What you can do at home

According to Jon D. Miller, director of the International Center for the Advancement of Scientific Literacy based at the University of Michigan, in his 2012 article for Scientific American, "The Value of Bringing Science Home," where STEAM subjects are concerned, great teachers are important. But, he points out, parents who encourage their kids in the pursuit of math, science and technology increase their chances of raising "the next Mark Zuckerberg or Mae Jemison" by a factor of five. Parents, he says, "are the essential root of scientific literacy."

His tips for parents who want to "bring science home" include:

Choosing toys carefully - There are many fun learning toys to choose from. Many of them actually target computer programing, math, and science. Find ones that interest your child and he will be learning the way children learn best: by playing.

Making use of zoos and museums - We've mentioned this on our blog here at Hendricks in the past, but it is important enough to repeat. Whenever possible, take your children to our area's zoos and museums. When you are on vacation, look up any museums and science exhibitions that might be in the area. Far from the dry displays of yesteryear, many modern museums have fun and fascinating hands-on exhibits designed especially to catch the imaginations of children.
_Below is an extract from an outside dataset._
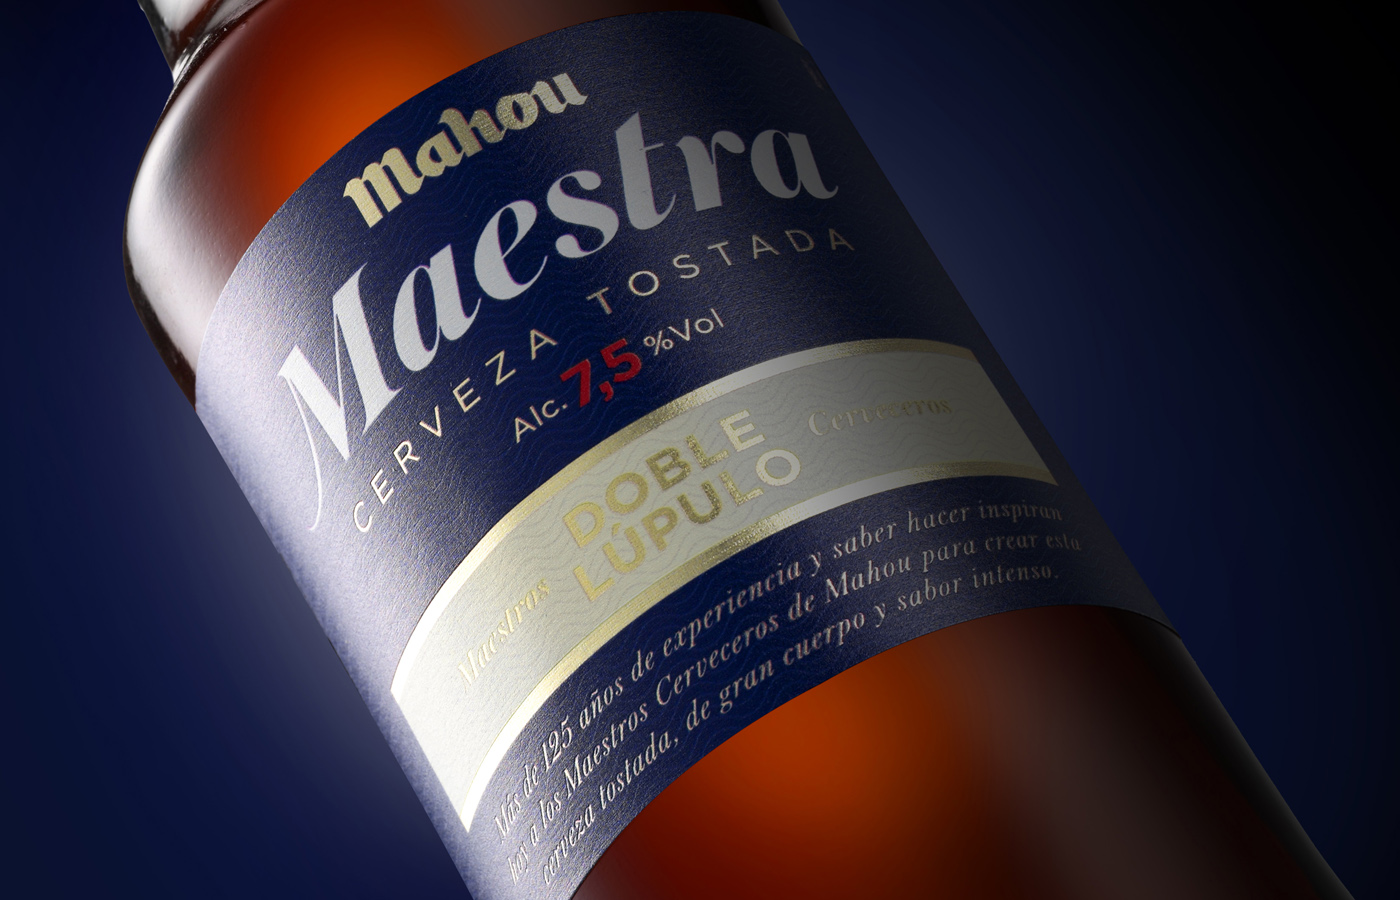 Mahou presenta Maestra, nueva cerveza tostada de doble lúpulo

Setting an example - Let your child see your own curiosity about the world around you and also how you satisfy that curiosity. Is there an unidentified plant in your yard? Let your child see you look it up online or ask a local plant expert to identify it. Are you trying to edit a family video? Let your child help you decipher the program.

Surround your child with fun, interesting and useful technology and encourage his interest in science. Do this, and you will have taken the first steps toward raising a STEAM-literate adult.